Bakan Kurum: Elazığ’da Devletimiz Vatandaşlarımızın Yaralarını Sarmak İçin Seferber Oldu

Çevre, Şehircilik ve İklim Değişikliği Bakanı Murat Kurum, Bakanlığın TBMM Plan Bütçe Komisyonu 2022 Yılı Bütçe Görüşmesi sonrası milletvekillerinin sorularını yanıtladı. Bakan kurum yaptığı konuşmada Elazığ’da yaşanan depreme de değinerek, “Elazığ’da Devletimiz tüm kurumlarıyla vatandaşlarımızın yaralarını sarmak için seferber oldu. Gelseydiniz görürdünüz. Gerçi bazıları geldi, baktı ama göremedi” dedi.

Bakan Kurum: Elazığ’da Devletimiz Vatandaşlarımızın Yaralarını Sarmak İçin Seferber Oldu

Çevre, Şehircilik ve İklim Değişikliği Bakanlığının 2022 Yılı Bütçe Görüşmesi, TBMM Plan Bütçe Komisyonu’nda yapıldı. Cevdet Yılmaz başkanlığında toplanan komisyona Bakanlığın 2021 yılı faaliyetlerini ve 2022 yılı bütçe teklifini sunan Çevre, Şehircilik ve İklim Değişikliği Bakanı Murat Kurum, kapanış konuşmasında CHP’li ve HDP’li komisyon üyesi milletvekillerinin iddialarına yanıt verdi.

KURUM: ELAZIĞ’DA DEPREMDE ENKAZ ALANLARINDA SABAHLADIK

Bakan Murat Kurum, “İzmir’de bir deprem oldu. Hepimiz İzmir’e koştuk. Güzel İzmir’imizde vatandaşlarımızın yaralarını sarmak için devletin tüm kurumlarıyla seferber olduk. Depremin merkezi Bayraklı’da gitmediğimiz sokak, ziyaret etmediğimiz ev kalmadı. Sadece İzmir’de değil. Elazığ’da, Malatya’da, Giresun’da, Rize’de, Antalya’da, Muğla’da, Kastamonu’da, ülkemizin neresinde bir afet olduysa orada olduk. Devletimiz tüm kurumlarıyla vatandaşlarımızın yaralarını sarmak için seferber oldu. Gelseydiniz görürdünüz.

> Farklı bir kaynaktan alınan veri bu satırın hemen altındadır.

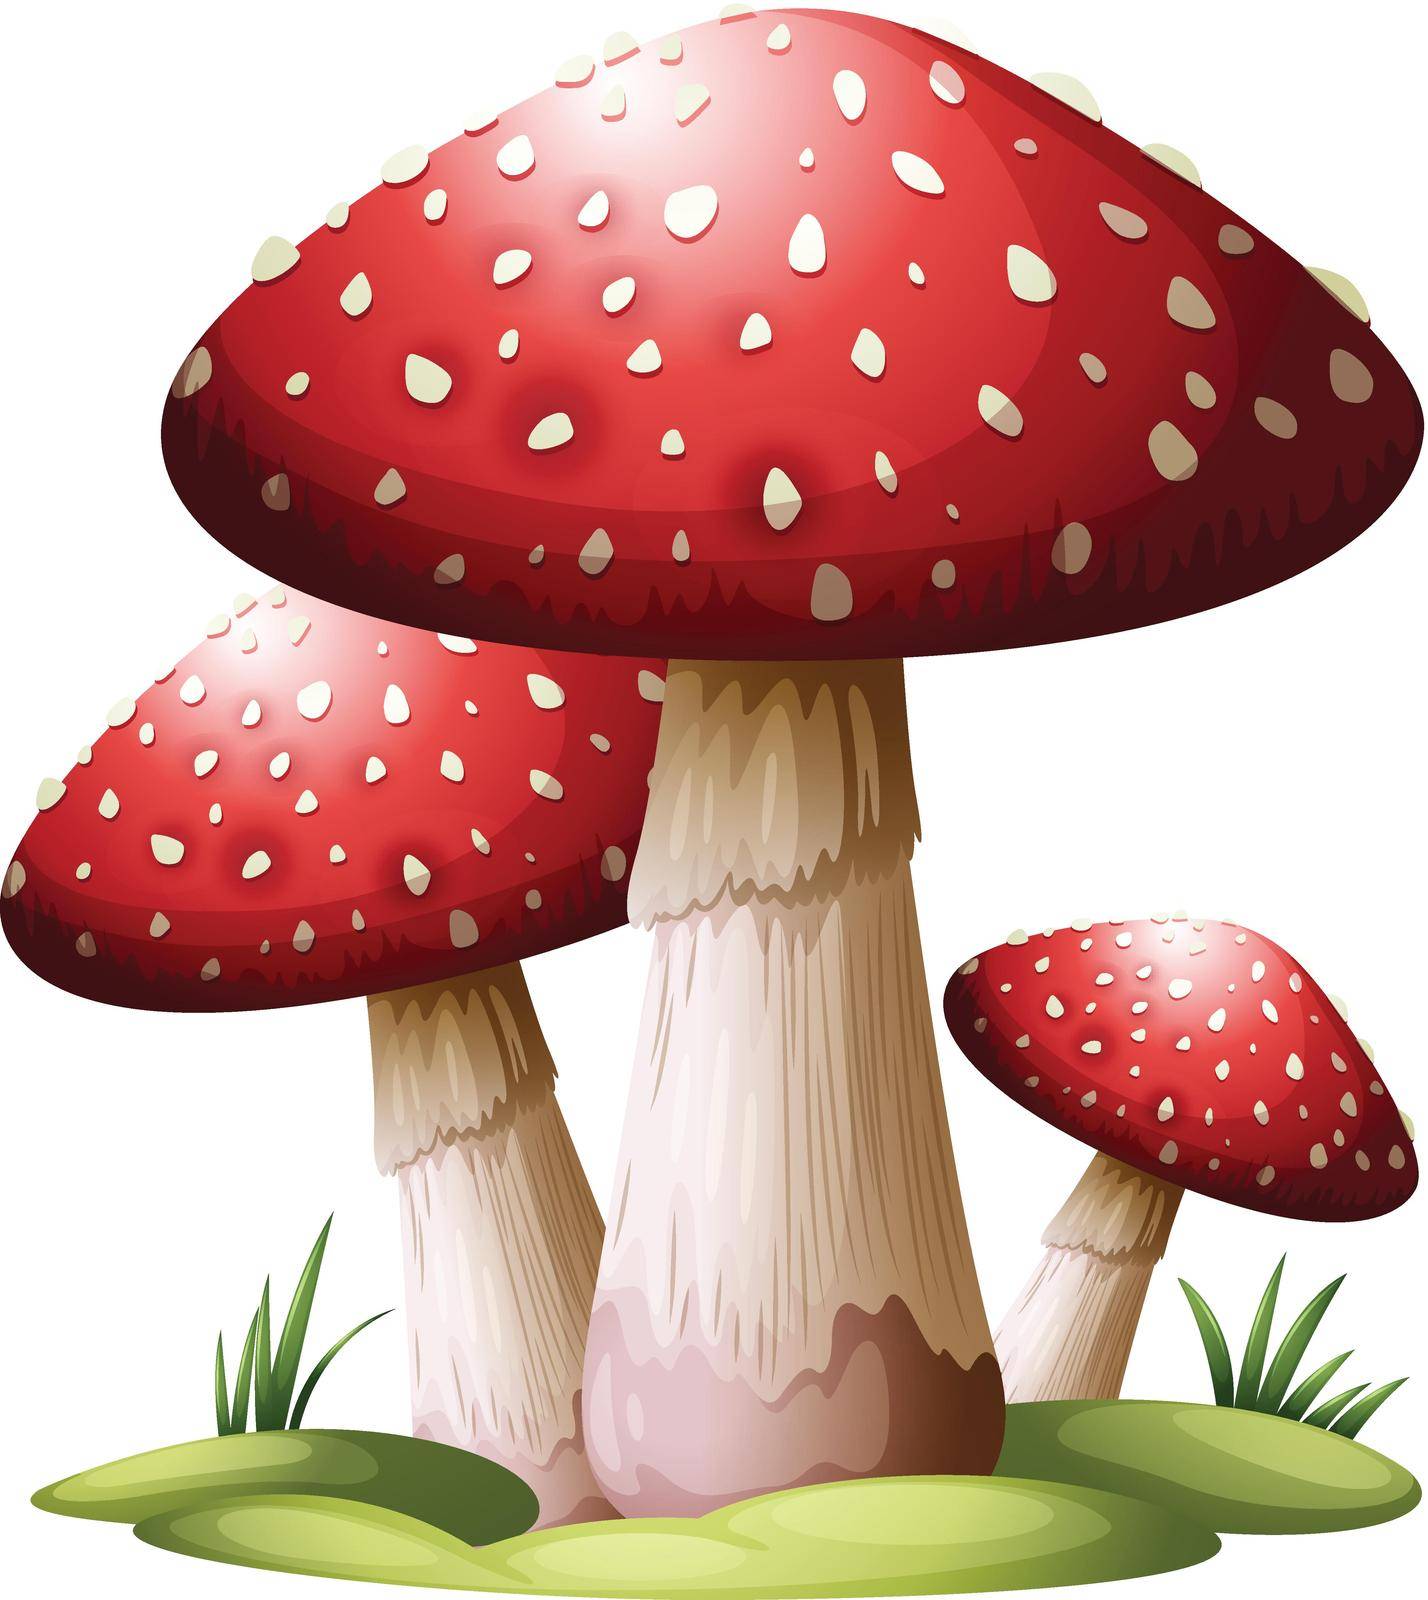 Red mushroom by iimages

Gerçi bazıları geldi, baktı ama göremedi. Duydu ama algılayamadı. Türkiye’nin her yerinde, ateş düşmüş ocakta biz olduk. Yangında su olduk, ateşin üstüne aktık. Depremde enkaz alanlarında sabahladık. Şuna çok dikkat ettik: ‘Acı üzerinden siyaset yapmayalım. Bir olalım. Beraber olalım’ dedik. Ama biz ortak acılar üzerinden siyaset yapmaktan, polemik üretmekten kaçtıkça siz bu konuları siyasi hesaplarla istismar ettiniz. Orada çalışanlara, emek verenlere bakınca bir an için bile yüzünüz kızarmıyor mu? Haksızlık ediyorsunuz, iftira atıyorsunuz. İzmir’de ortada mağduriyet adına herhangi bir durum yoktur. İnşallah 26 Kasım’da Cumhurbaşkanımızın teşrifleriyle de İzmir’de ilk konutlarımızın teslimini yapacağız. Sizin 25 yılda yapamadığınızı yine biz yapacağız. İzmir’de vatandaşlarımız evlerini 2 yıl geri ödemesiz, 18 yıla yayılan taksitlerle, sıfır faizle alıyorlar. Kira öder gibi taksitlerini ödeyerek alıyorlar. Bunu biliyorsunuz. Ama işinize gelmediği için söylemiyorsunuz” dedi.

KURUM: GAZİ MUSTAFA KEMAL’İN ‘MAĞRUR İZMİR’İNİ 25 YILDA ‘MAĞDUR İZMİR’ YAPAN SİZSİNİZ

Cumhuriyet Halk Partisi (CHP) Yerel Yönetimlerden Sorumlu Genel Başkan Yardımcısı ve Ordu Milletvekili Seyit Torun’un “İzmir’i mağdur ettiniz” suçlamasına yanıt veren Çevre, Şehircilik ve İklim Değişikliği Bakanı Kurum, Gazi Mustafa Kemal’in “mağrur İzmir’ini” 25 yılda “mağdur İzmir” yapanın CHP olduğunu belirterek, “Bana İzmir’de 25 yıldır ne yaptınız söyler misiniz? Başlattığınız bir tane kentsel dönüşüm çalışması var mı, söyler misiniz?” diye sordu.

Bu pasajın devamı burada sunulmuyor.